Indian Pediatrics 2000;37: 1278.

Bullous Ichthyosis


A one- month-old female child, product of non-consanguineous marriage presented with widespread areas of denuded skin, blistering and with areas of hyperkeratotic small, hard verrucous scales (Fig. 1). During subsequent 1 month, she presented with recurrent blisters which were secondarily infected. She was treated with antibiotics and Vitamin-A. After 2 months, blistering improved but hyper-keratosis persisted. Now the child is surviving and 6 months old. Histopathologic examination of skin showed epidermolytic hyperkeratosis, acanthosis and intracellular vacuolation of spinous cell layers which was consistent with bullous ichthyosis.
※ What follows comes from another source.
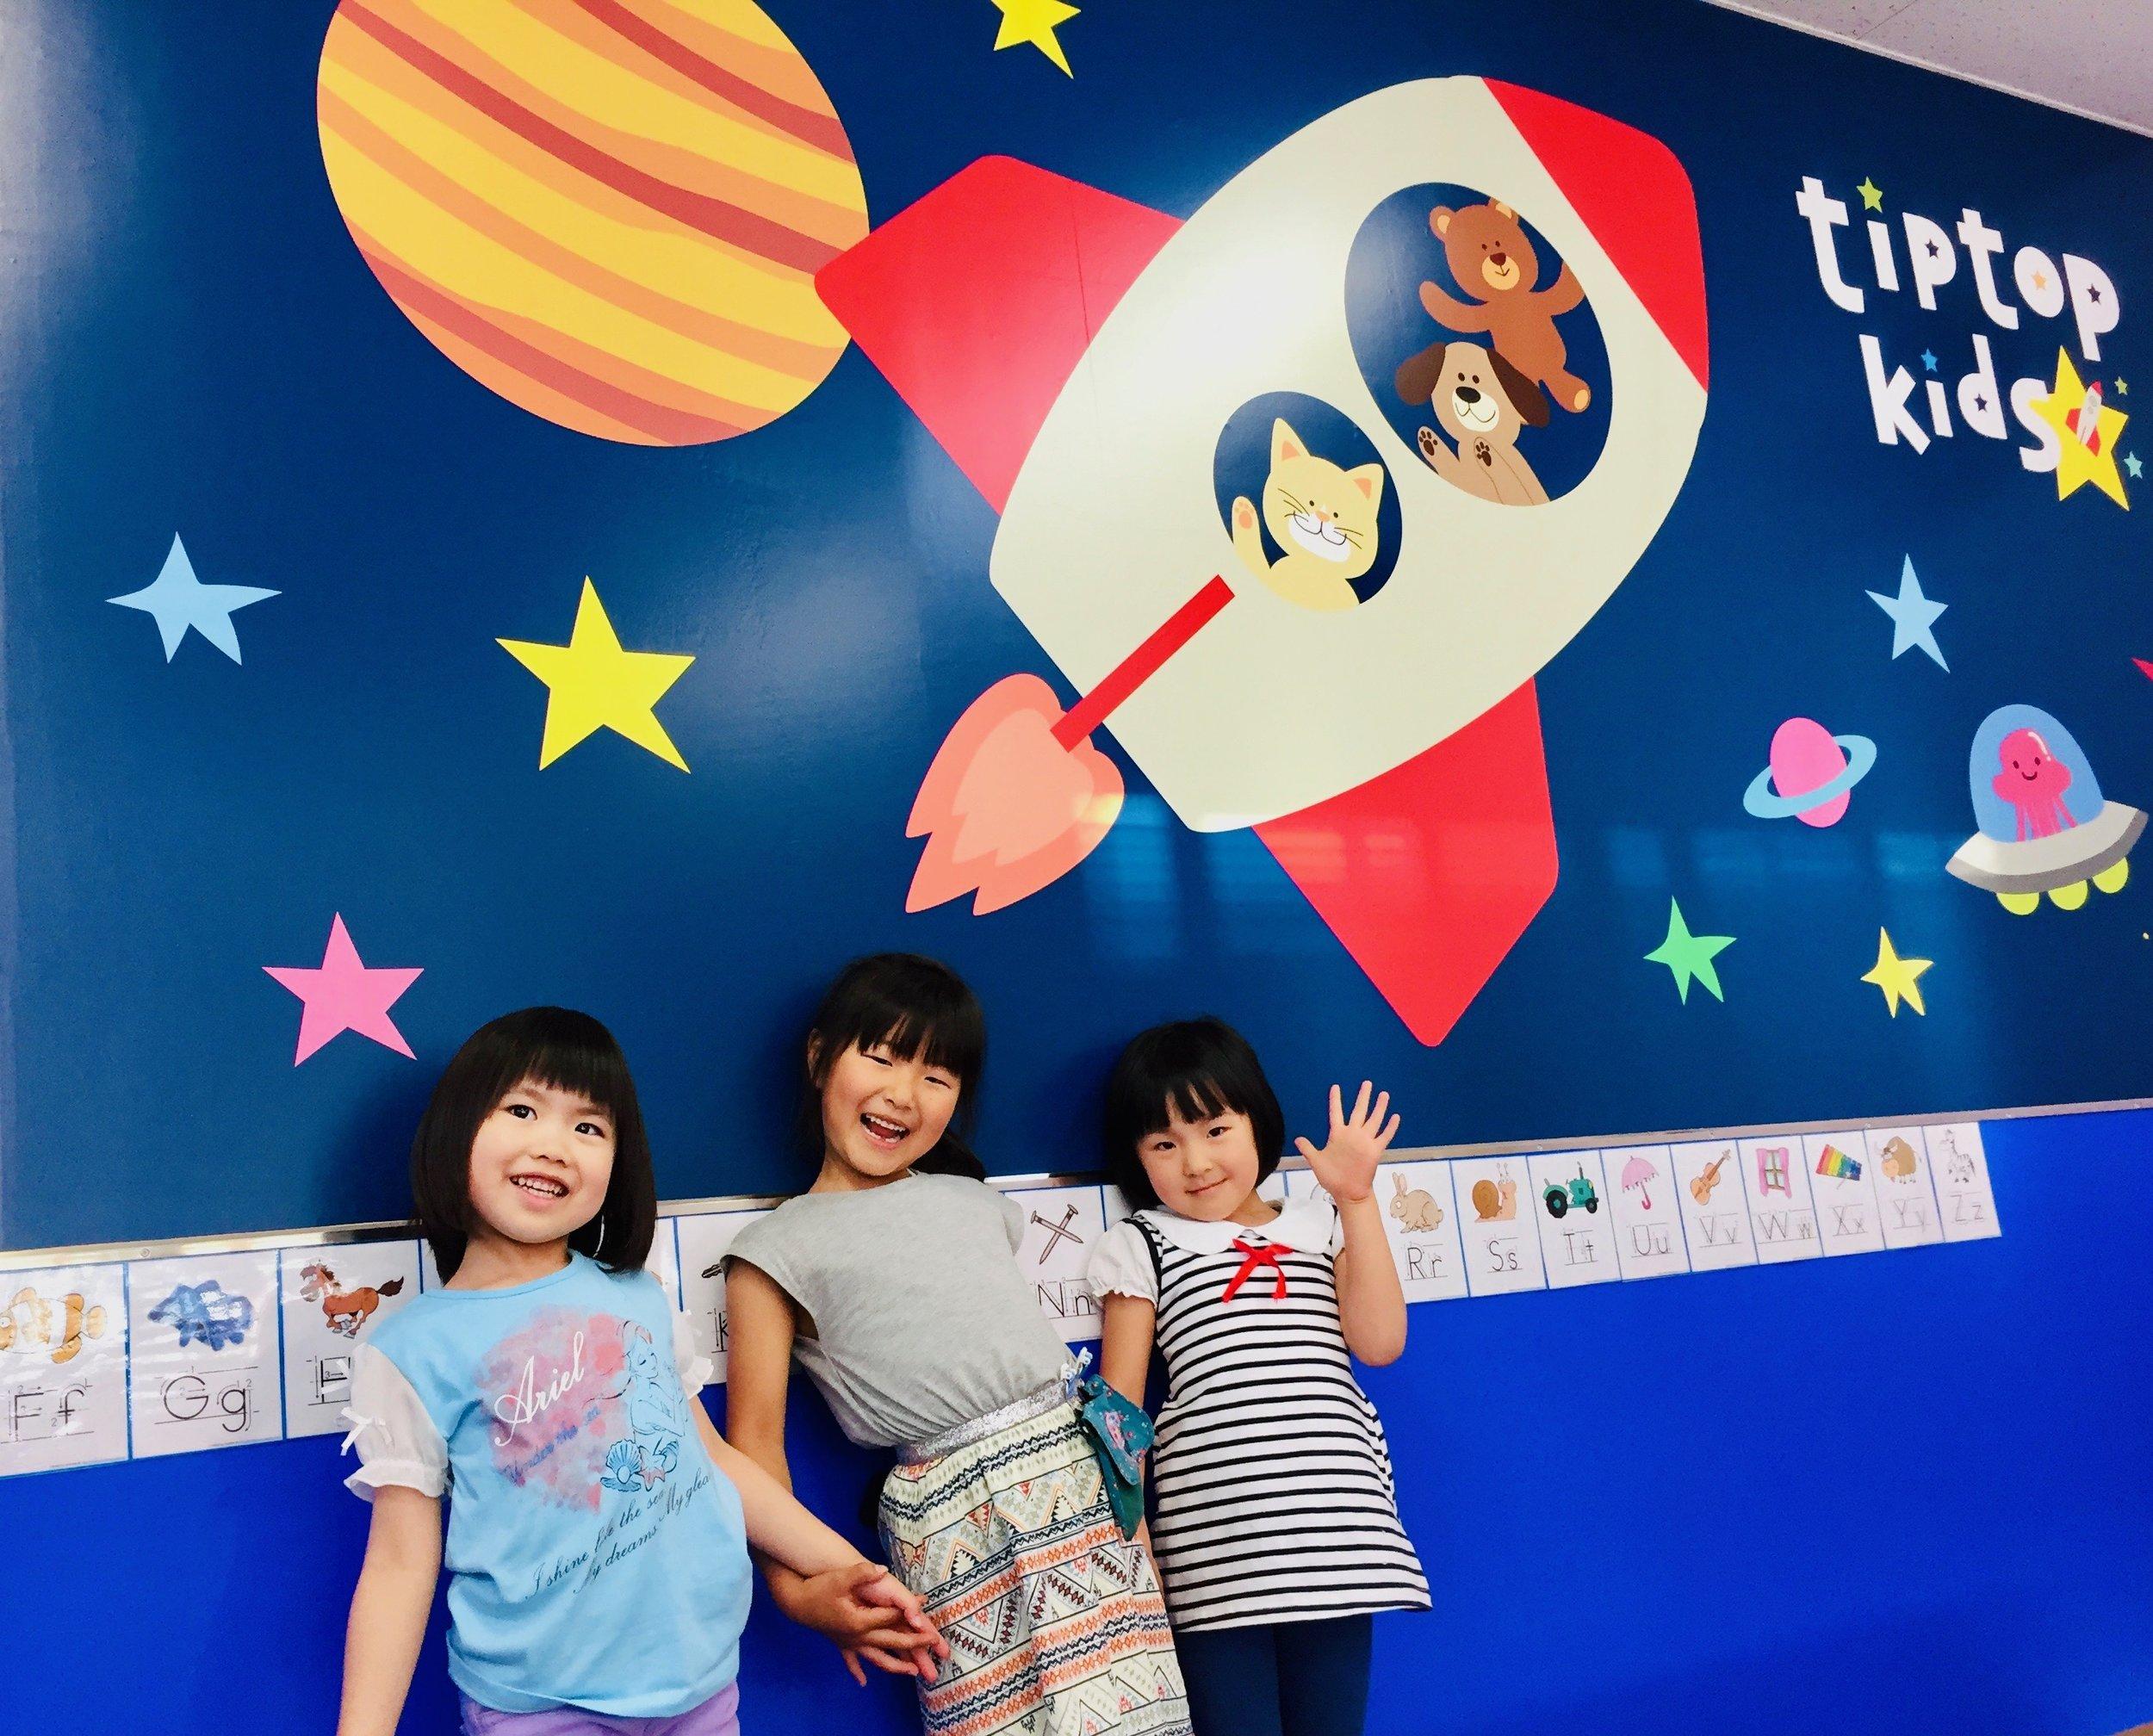 Join tip top kids - 英語で考えて、英語で話す

Bullous ichthyosis is an autosomal dominant disorder characterized by onset at birth, generalized erythroderma, recurrent bullae and severe hyperkeratosis. Verrucous hyperkeratosis becomes secondarily infected producing foul body odor. With time, blistering component diminishes while scaling compo-nent usually remains life long. Oral retinoids are moderately effective, but skeletal toxicity may occur; these should therefore be given for the shortest period at the lowest effective dose.

Fig. 1. One-month-old child with blisters, denuded skin and small warty hyperkeratotic scales.

S.K. Swain,
Specialist in Pediatrics,
U.G.P.H.C., Patkura
District Kendrapara 754 228,
Orissa, India.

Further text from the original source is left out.